## Task to carry out
Print the whole listing exactly as it appears, but skip the pictures.

## Supplied material
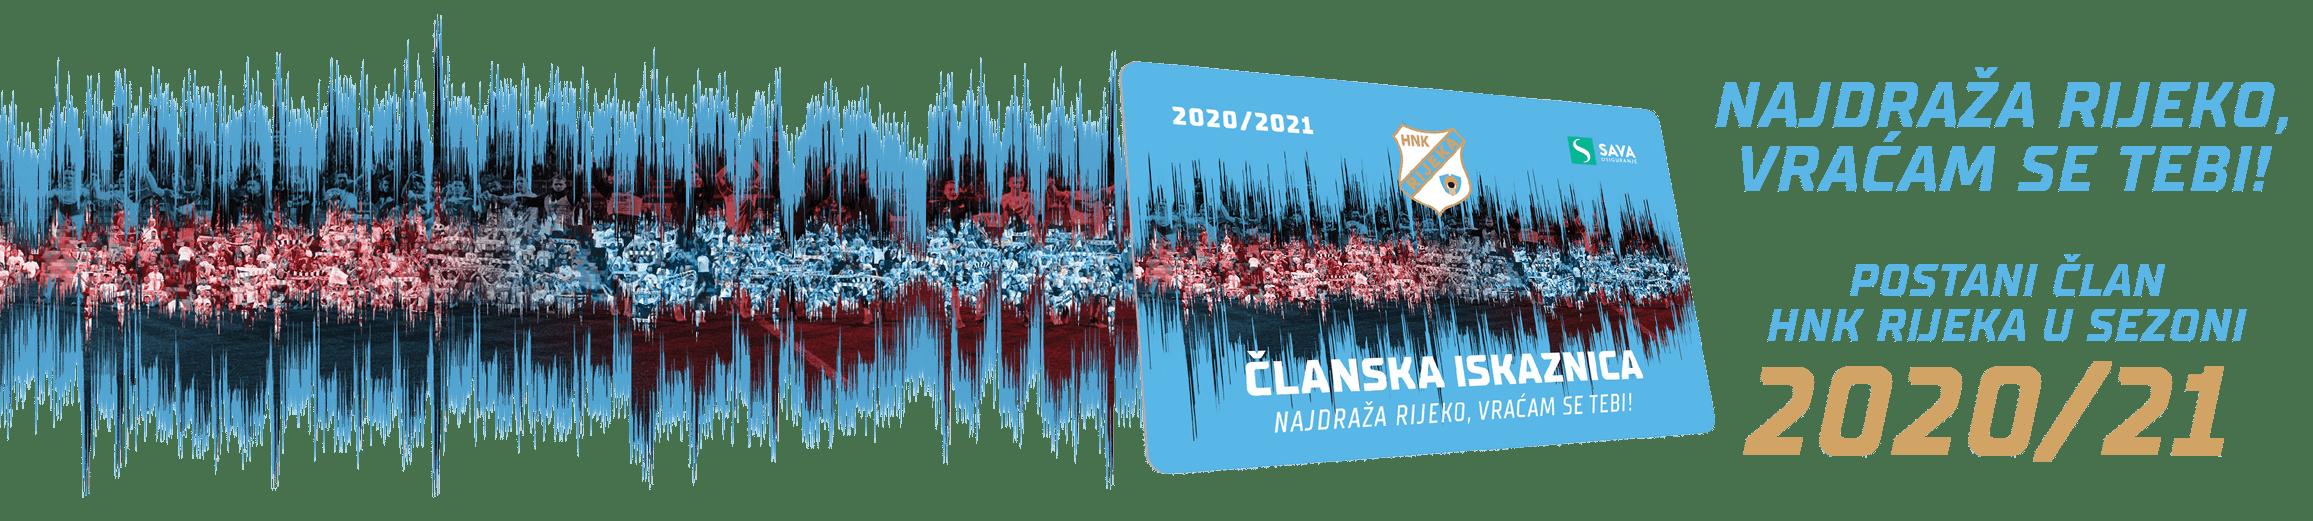 HNK RIJEKA Sezona 2019/20
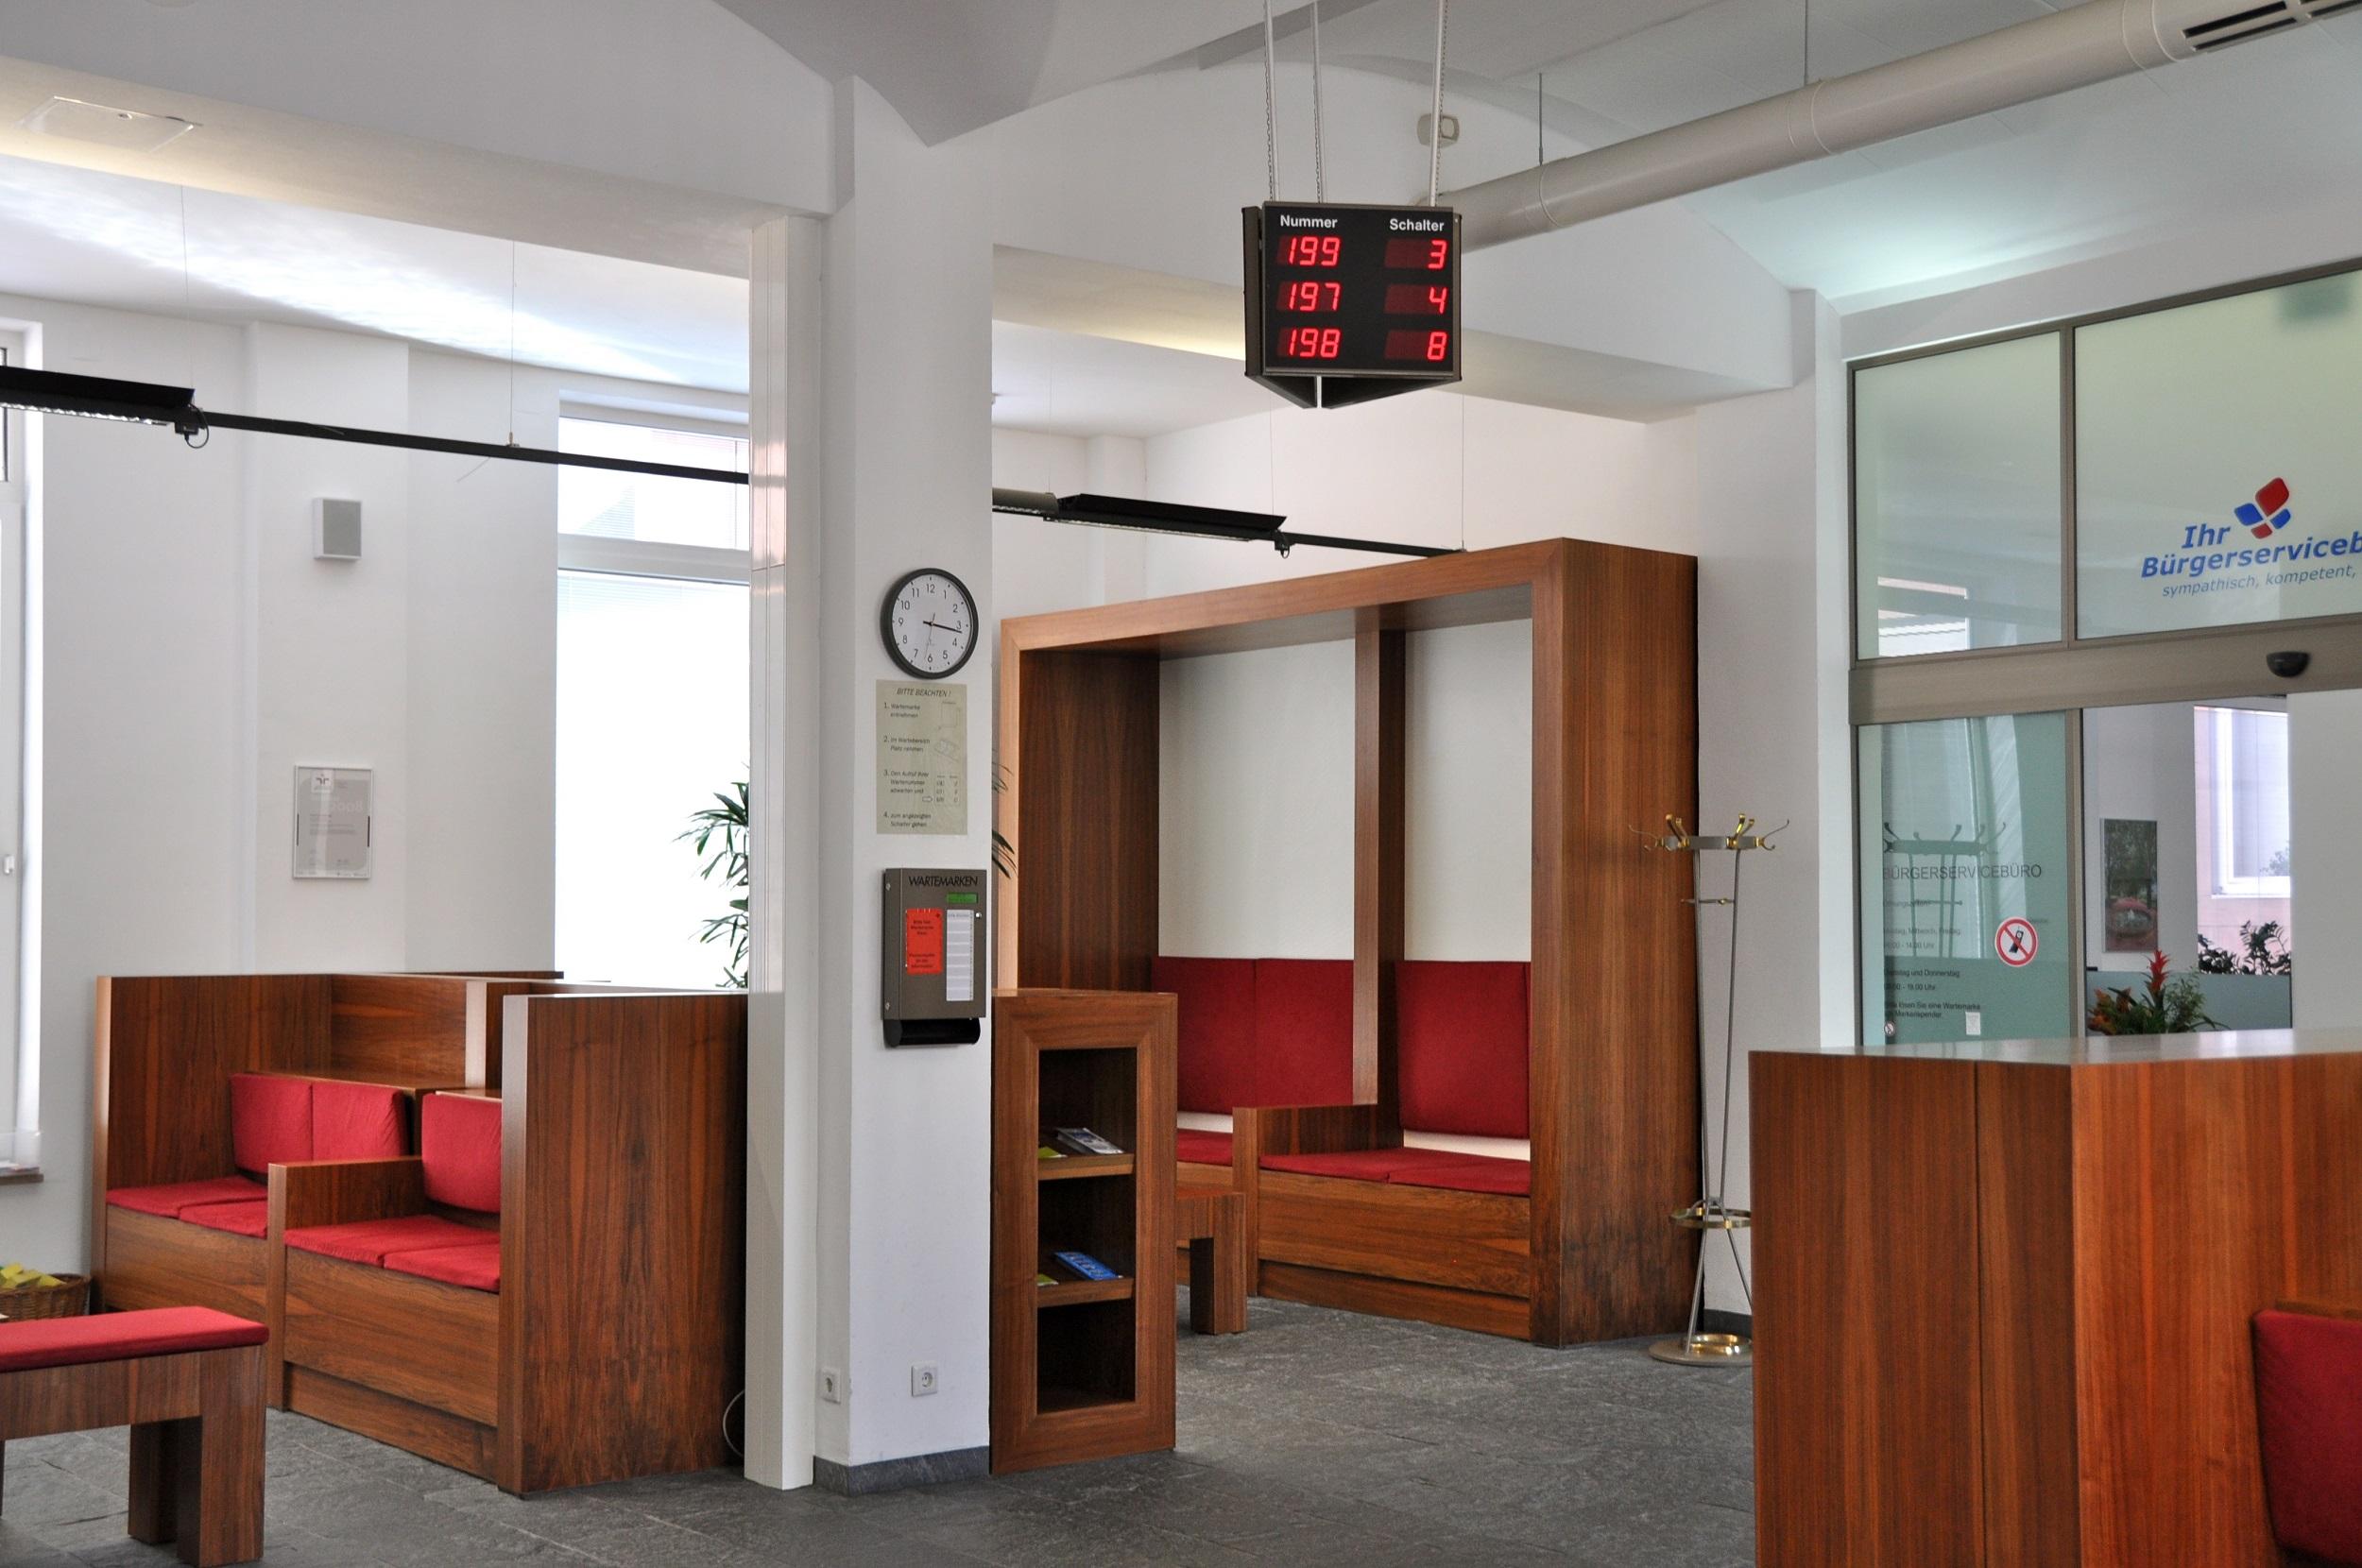 Blick in Wartezone des Bürgerservicebüros
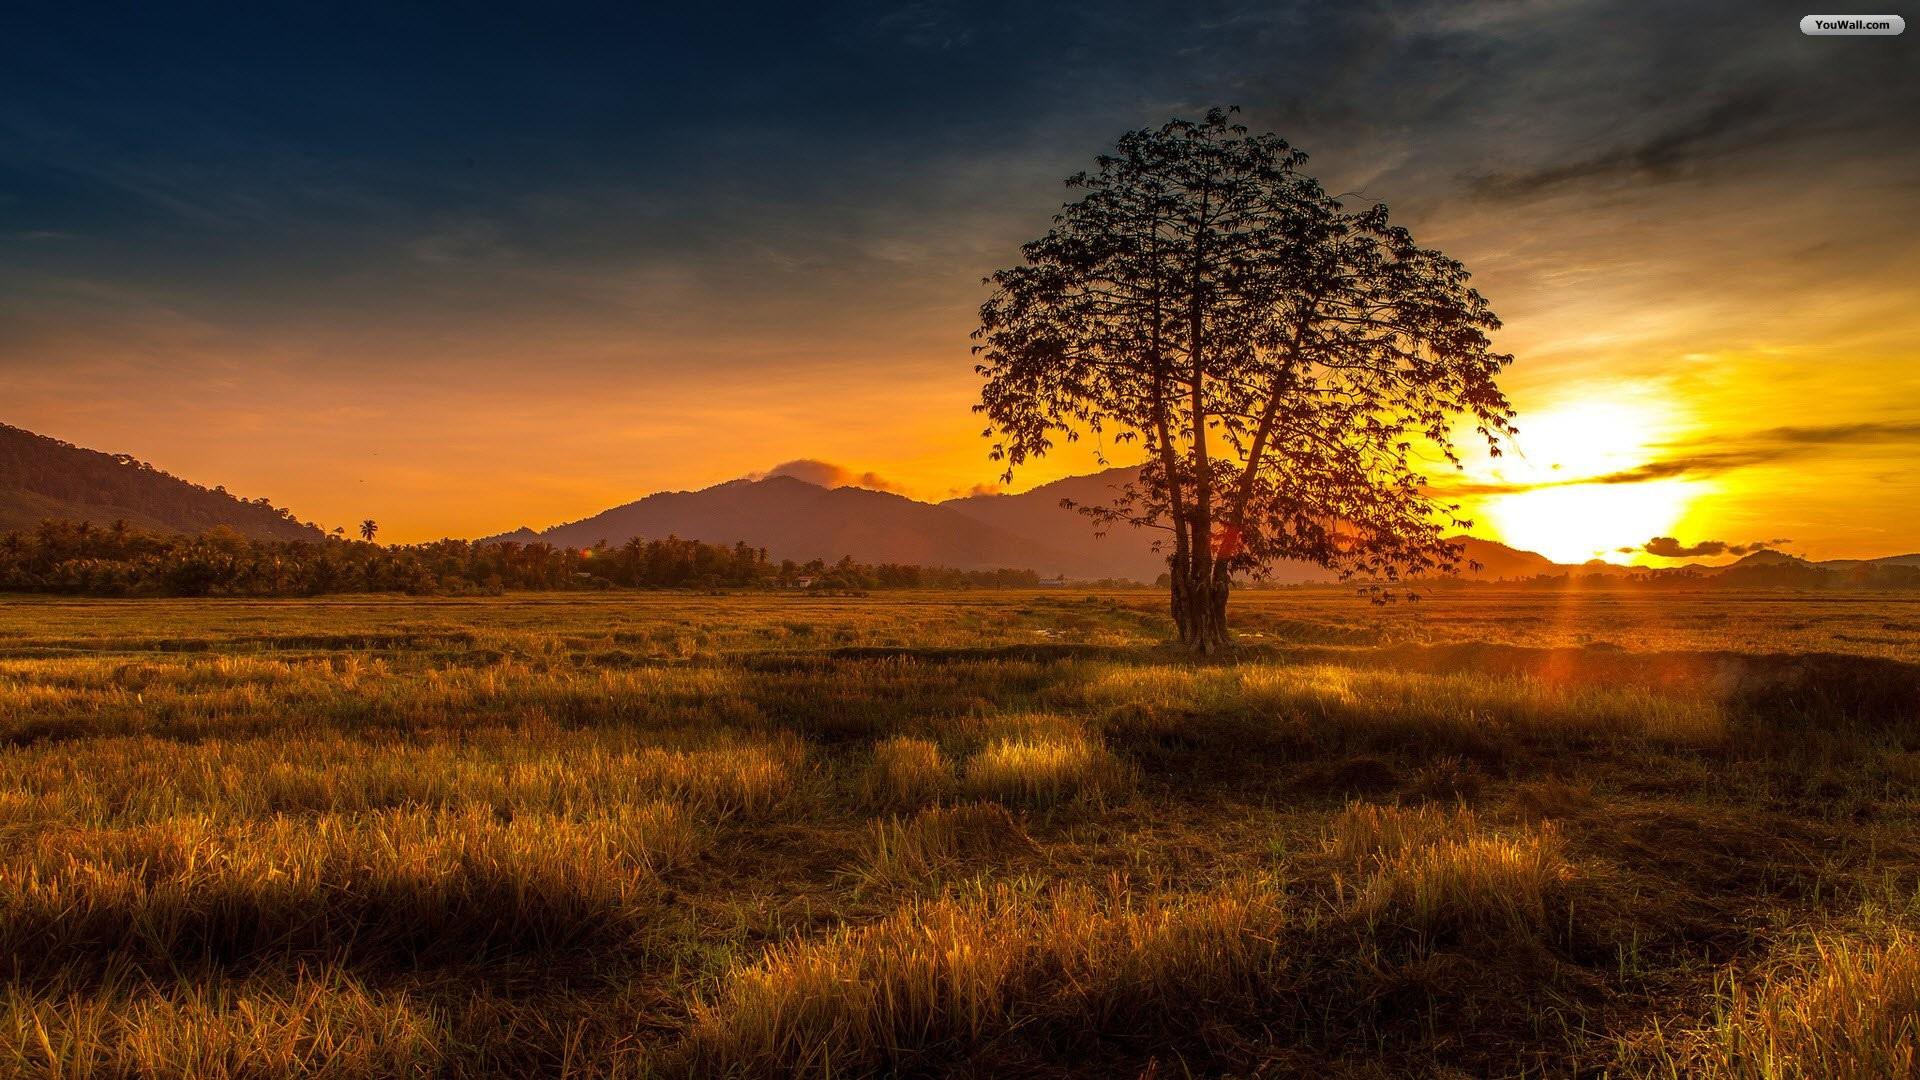 1920x1080 Beautiful Sunset Wallpaper Download

## Response area
 HNK RIJEKA Sezona 2019/20
 Blick in Wartezone des Bürgerservicebüros
 1920x1080 Beautiful Sunset Wallpaper Download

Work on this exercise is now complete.